Only a verbatim restatement of the lines from the one with "输入经由ANTLR解析树和代码生成输出变换" through the end of the listing below is wanted. Pictures should be left out.

* Data shown *
# # # # # # #
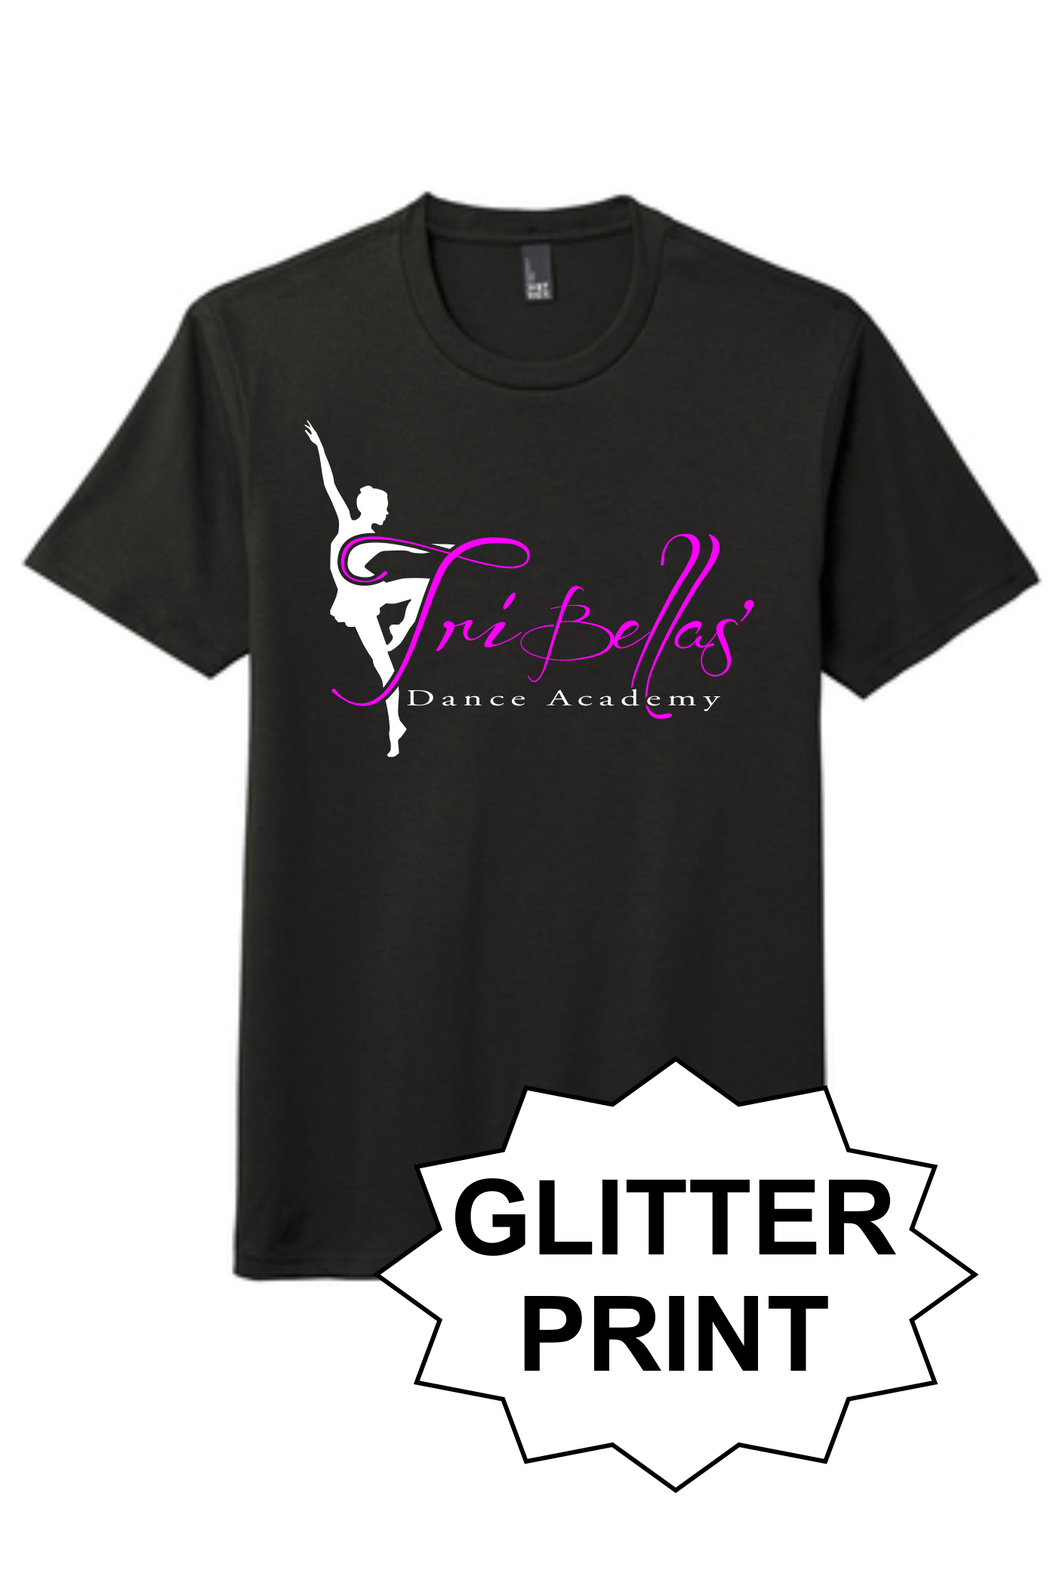 TriBellas - Glitter Print Triblend T-Shirt
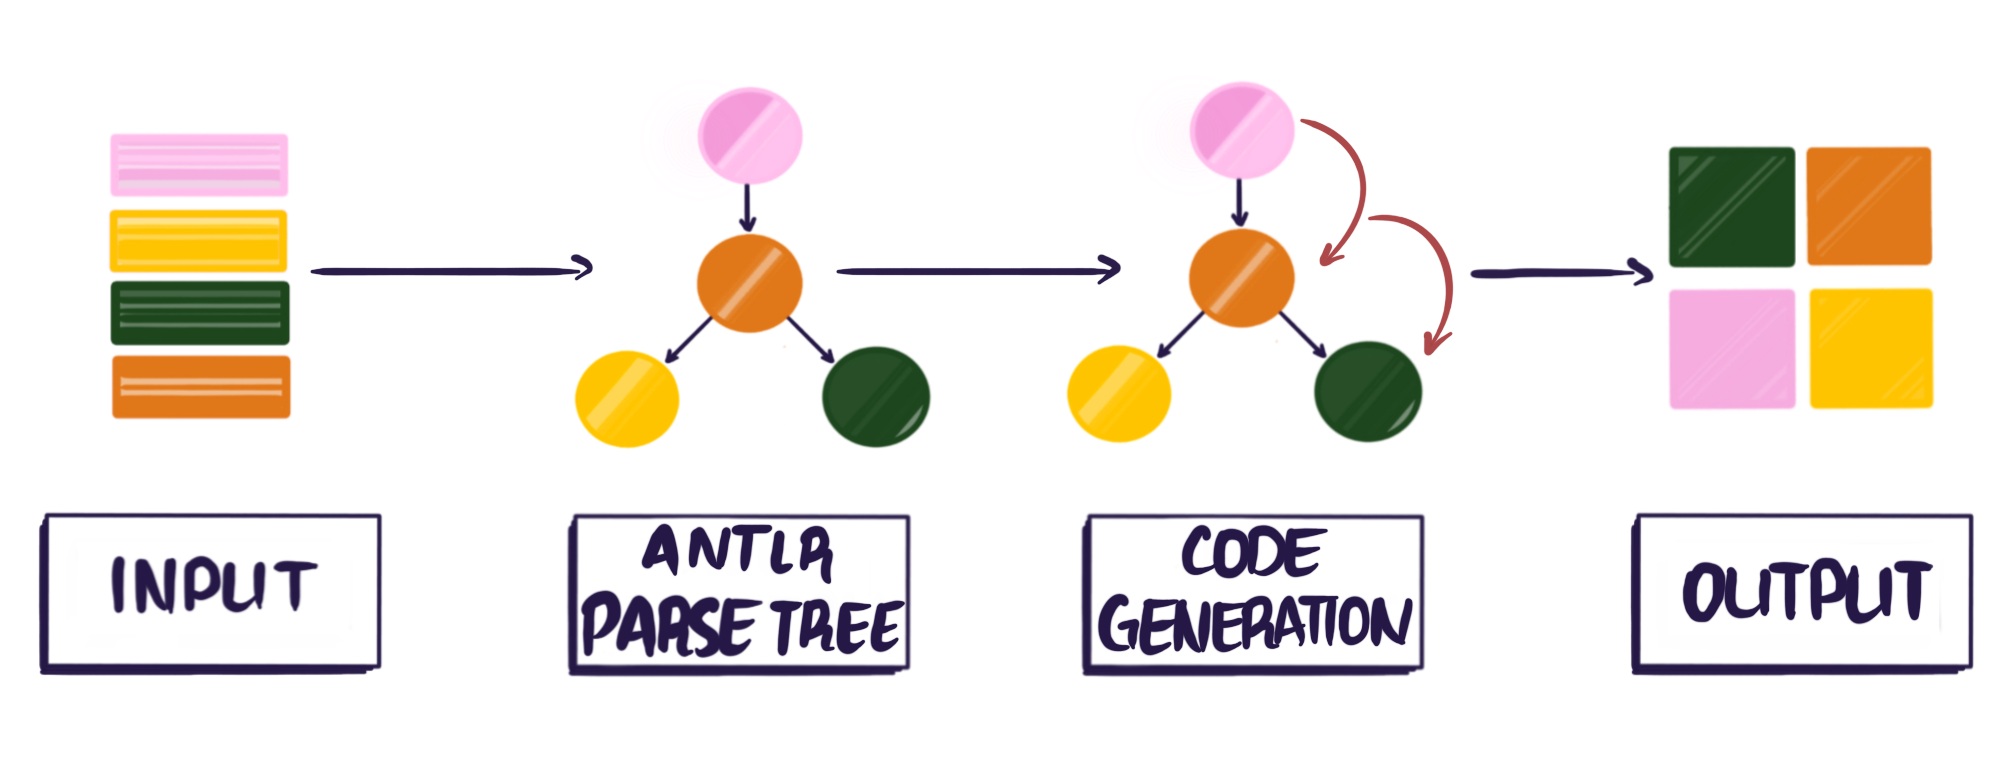 输入经由ANTLR解析树和代码生成输出变换
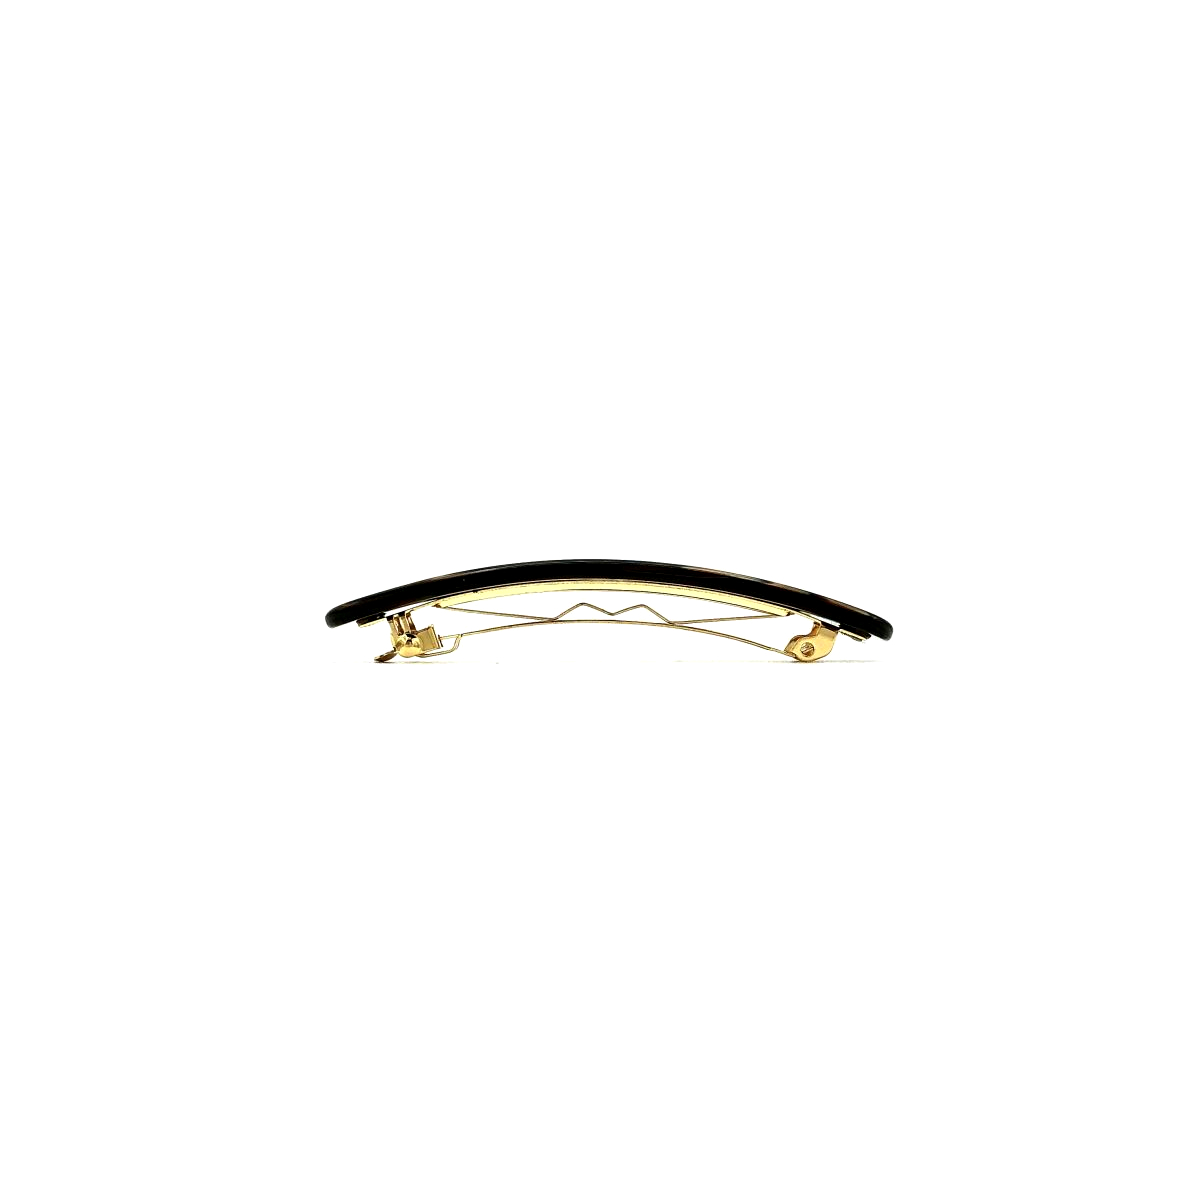 Haarspange dunkelbraun - klein, flach - 7,7 cm
# # # # # # #
* Result for this task *
 输入经由ANTLR解析树和代码生成输出变换
 Haarspange dunkelbraun - klein, flach - 7,7 cm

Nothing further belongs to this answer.